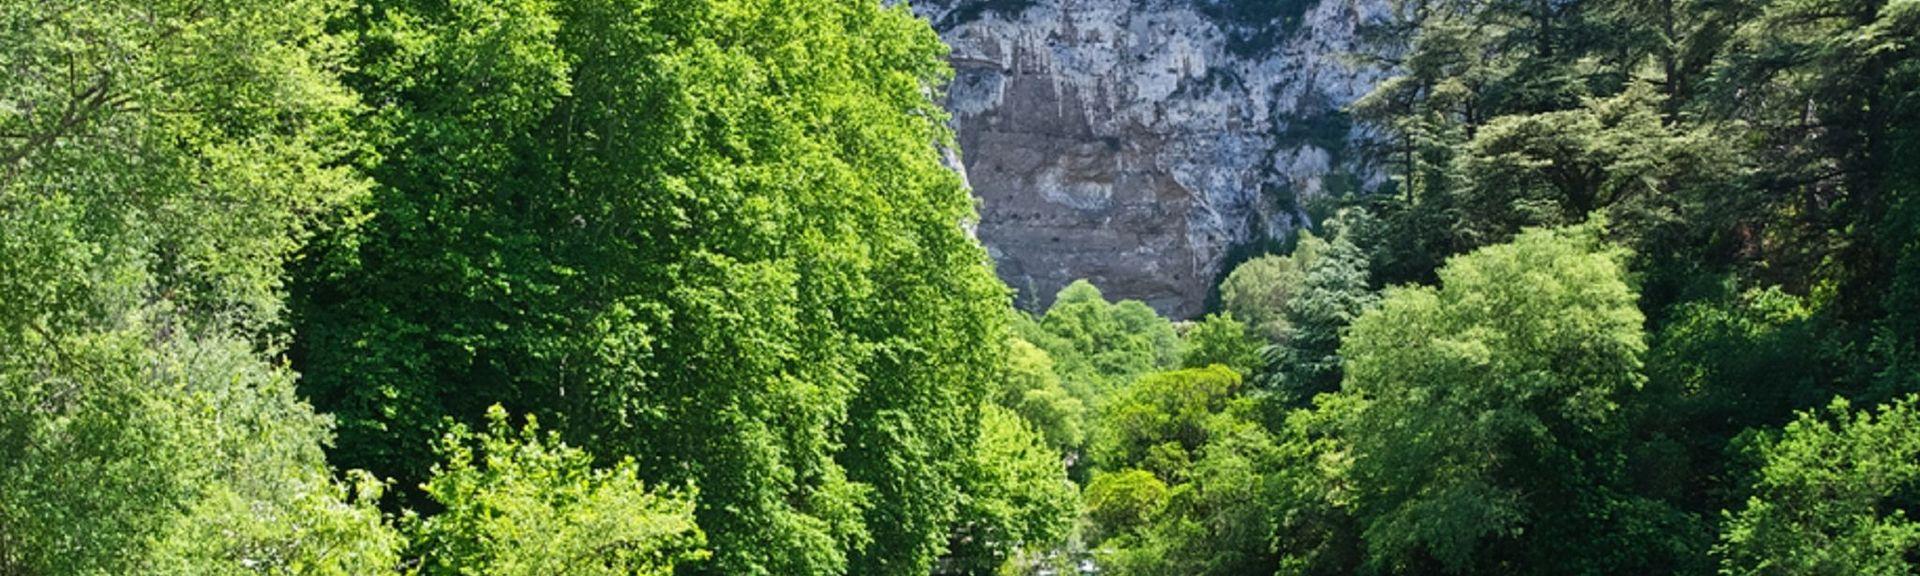 Cheval-Blanc, Vaucluse (departement), Frankrijk
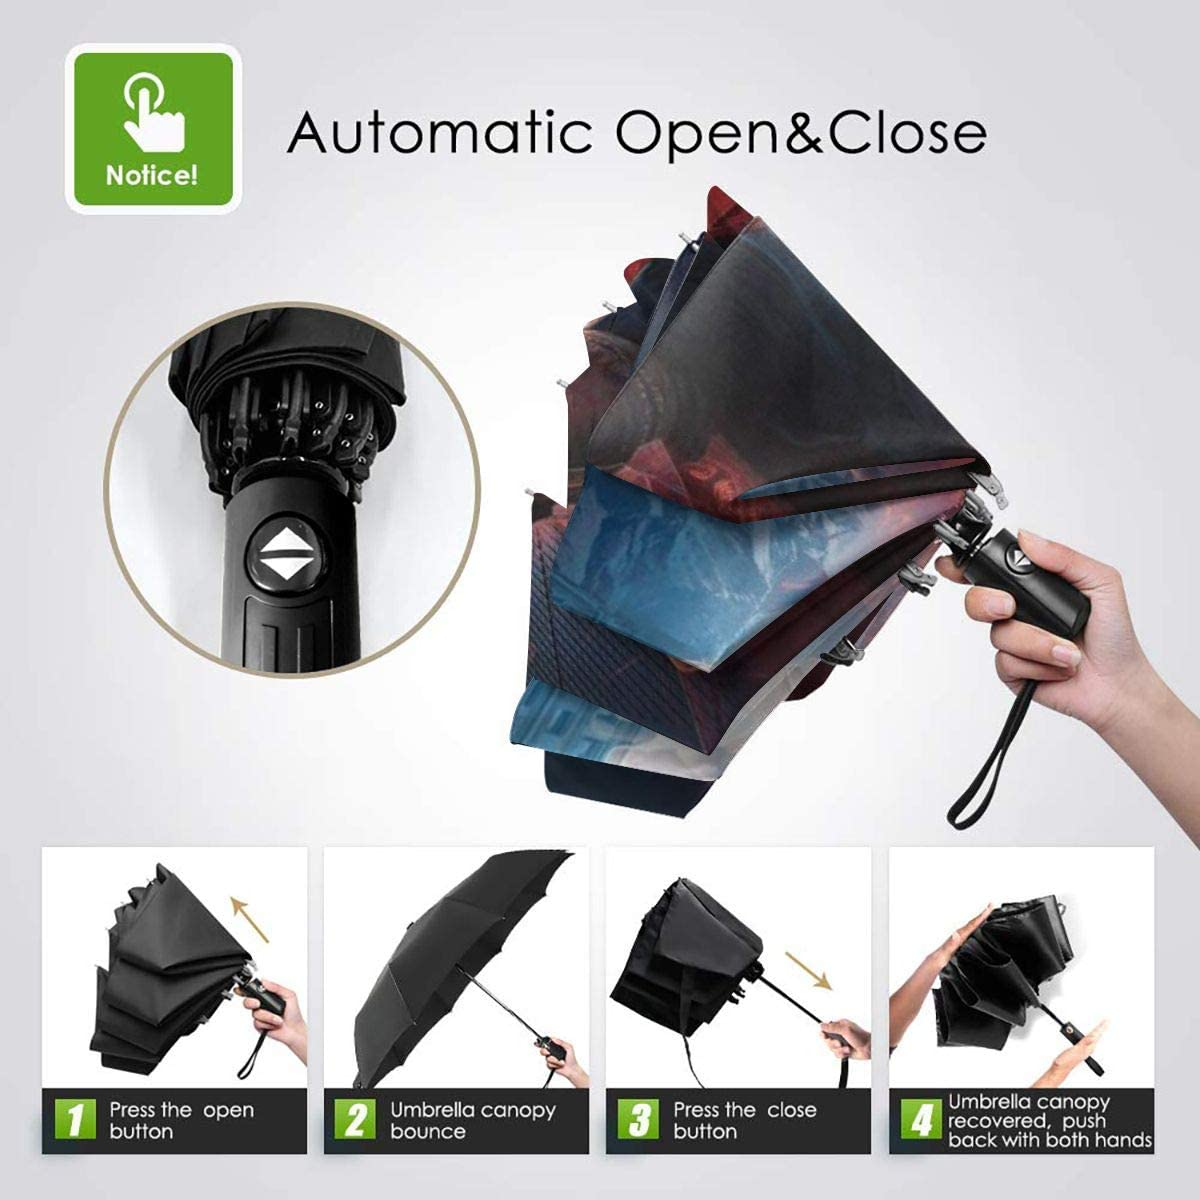 Lovesofun Portable Automatic Umbrella The Avengers Endgame Compact Auto Open Close Folding Business Umbrellas UV Protection Automatic Tri-fold Umbrella for Men and Women
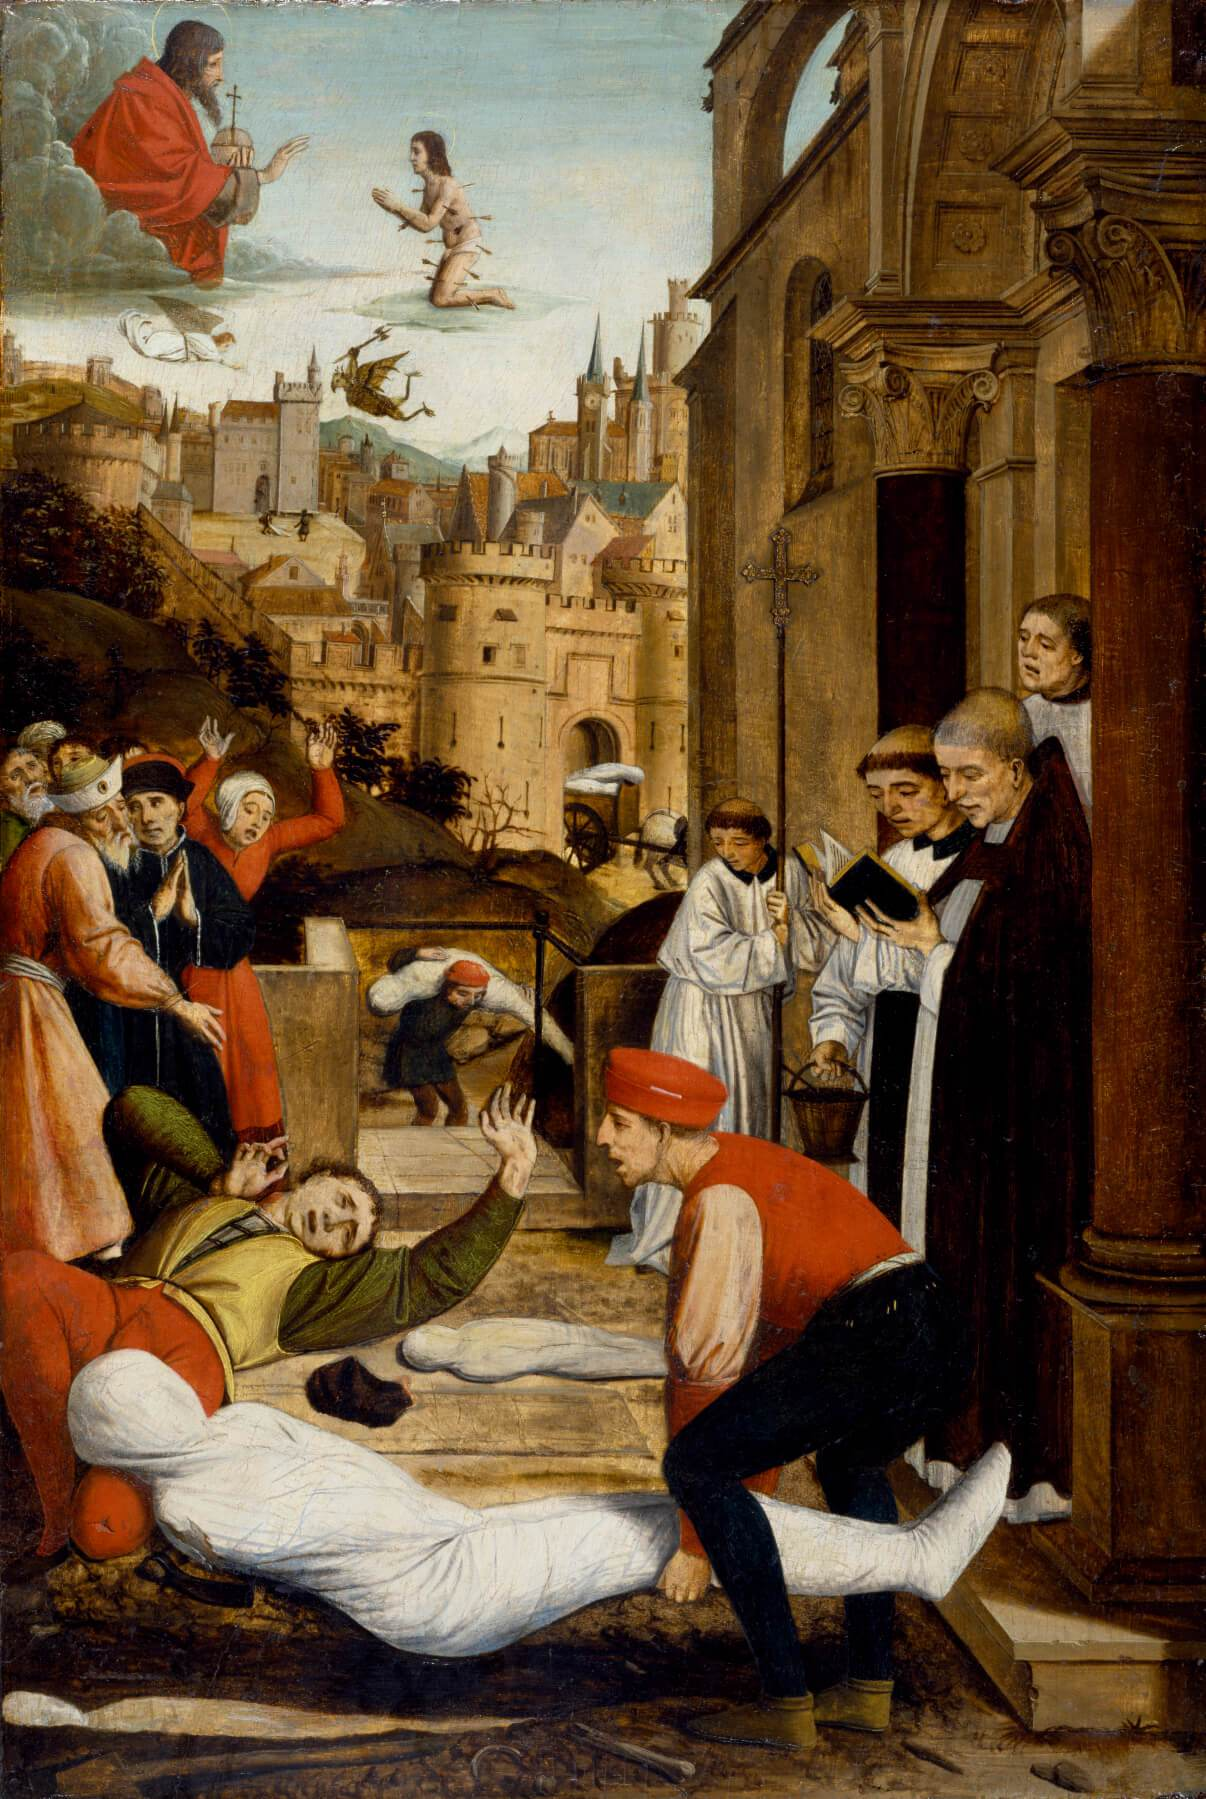 josse-liefrerinx-saint-sebastian-interceding-for-the-plague-stricken-1497-99
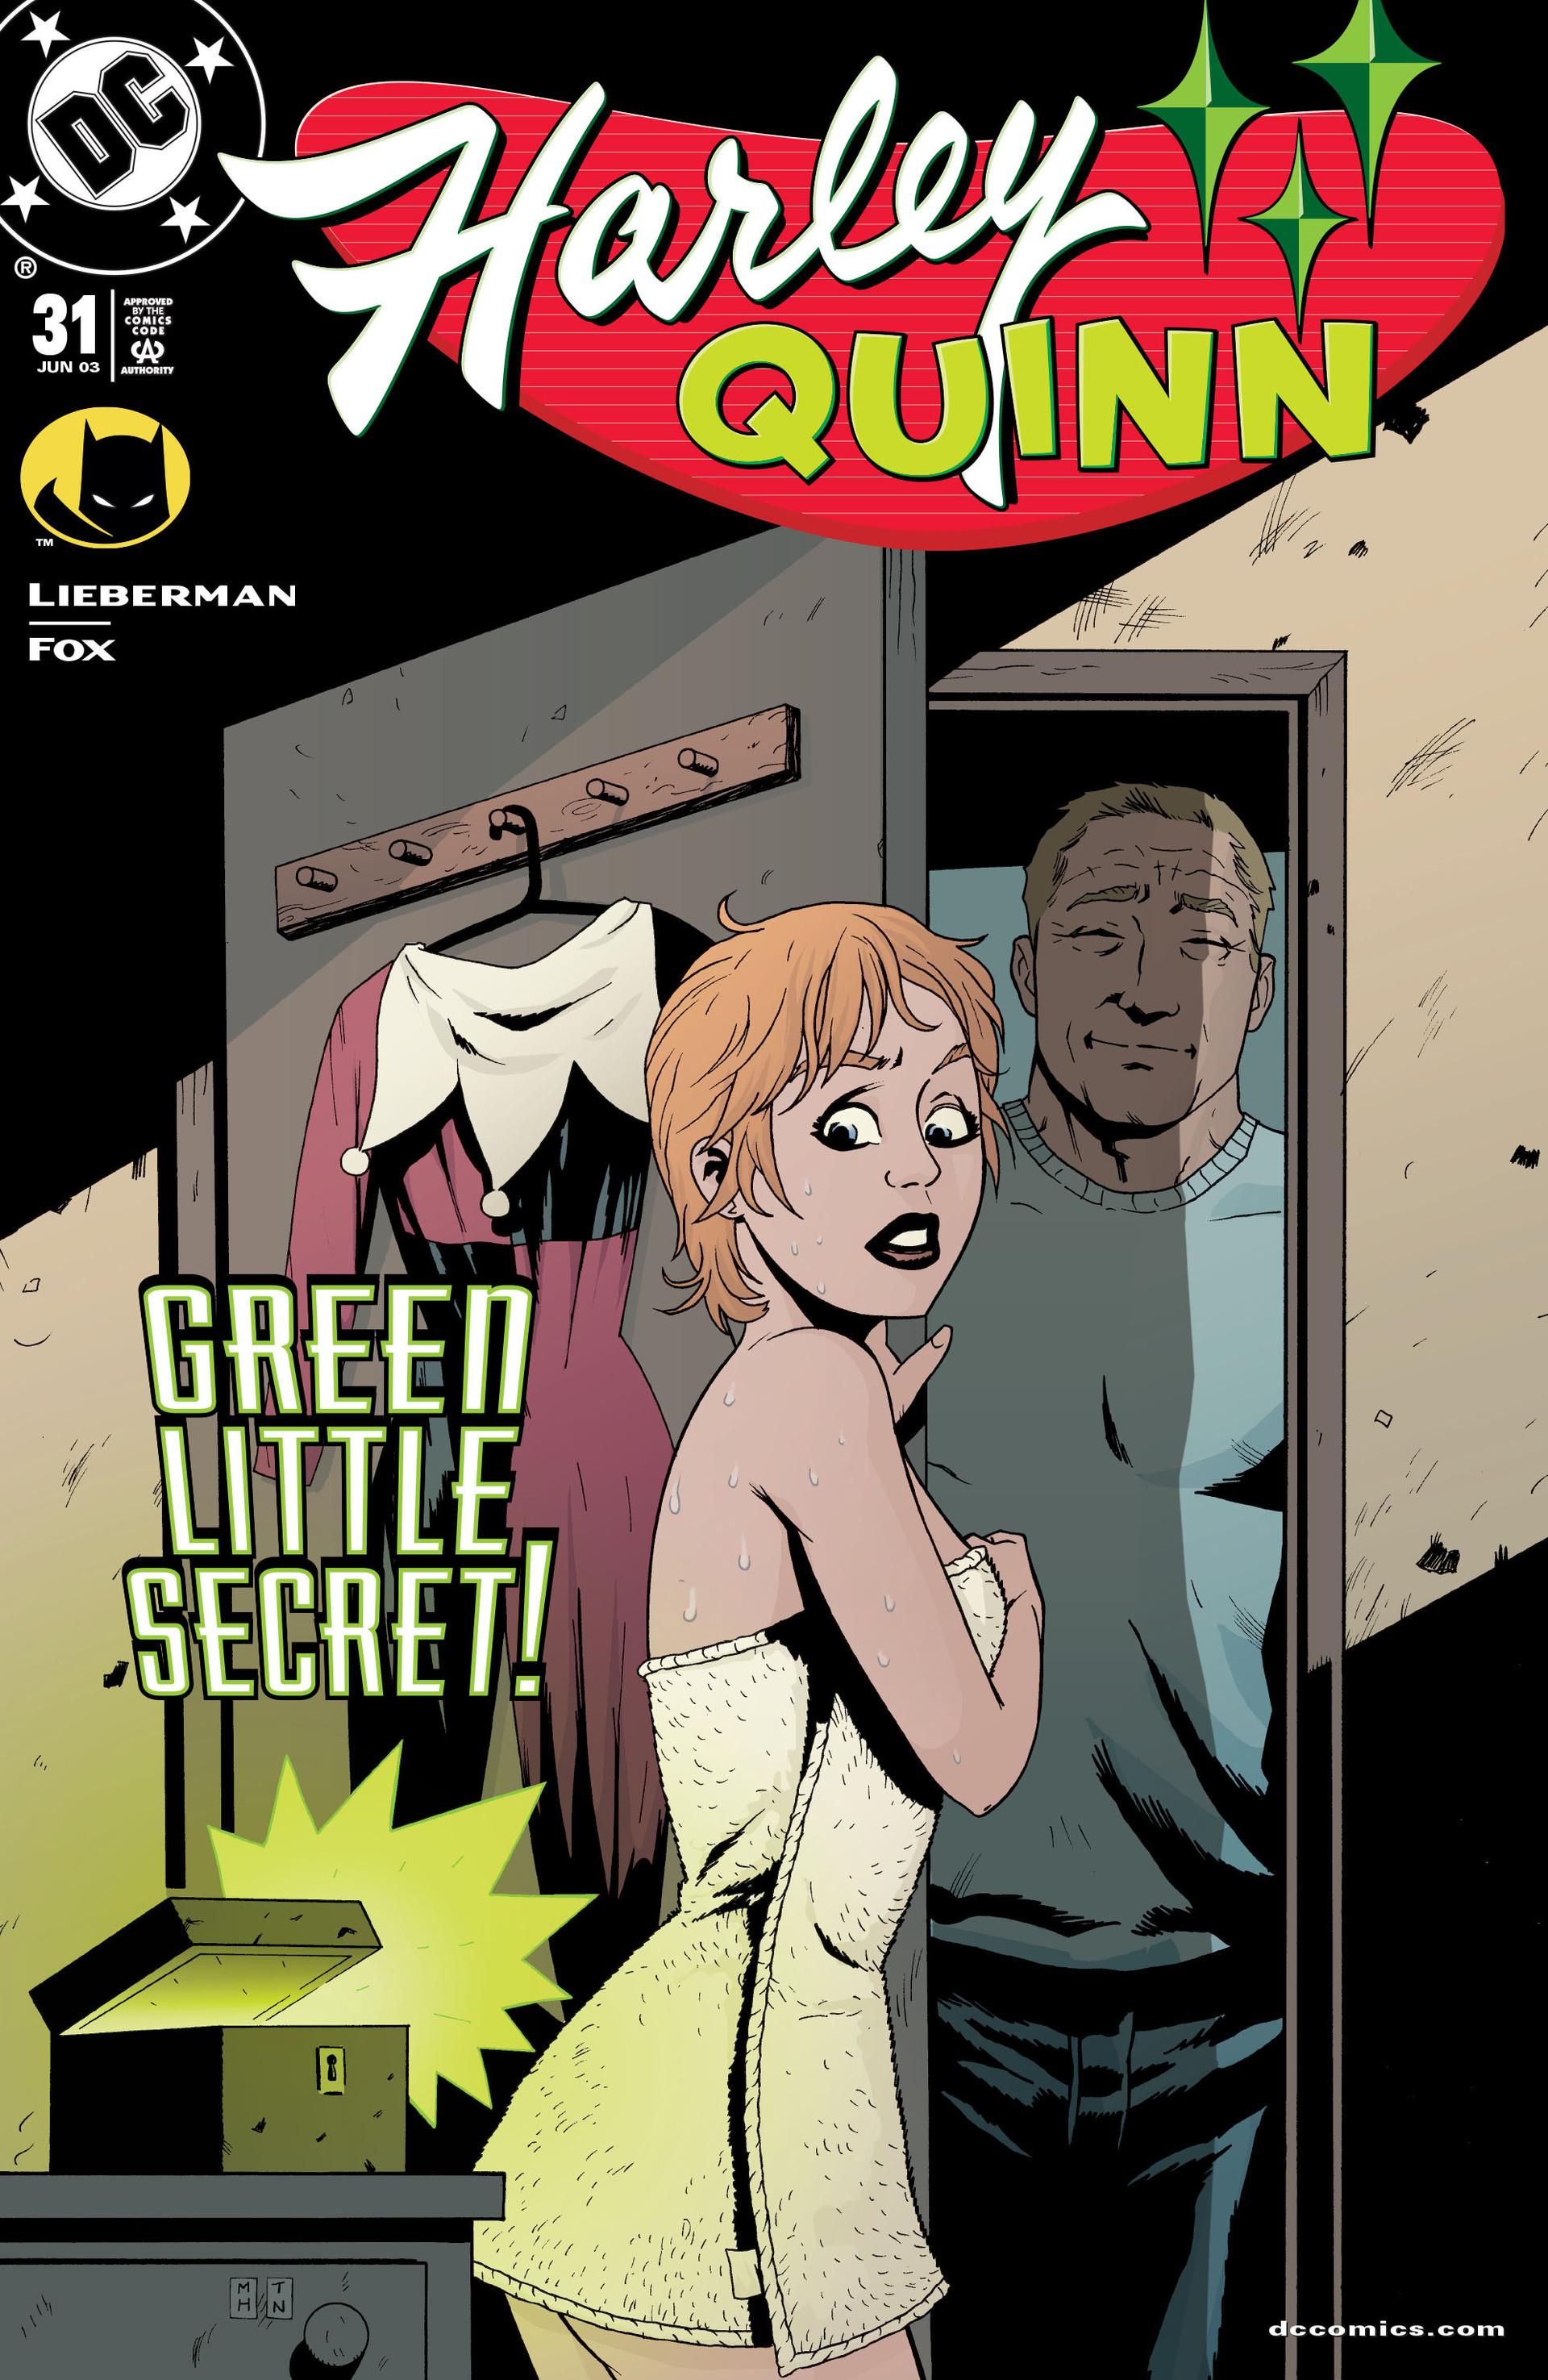 Harley Quinn Vol.1 #31

---------------

◆ EXERCISE PROMPT
Pictures are not part of the copy. Reproduce the lines from the one with "Lovesofun Portable Automatic" through the end of the listing above.

◆ TASK RESPONSE
 Lovesofun Portable Automatic Umbrella The Avengers Endgame Compact Auto Open Close Folding Business Umbrellas UV Protection Automatic Tri-fold Umbrella for Men and Women
 josse-liefrerinx-saint-sebastian-interceding-for-the-plague-stricken-1497-99
 Harley Quinn Vol.1 #31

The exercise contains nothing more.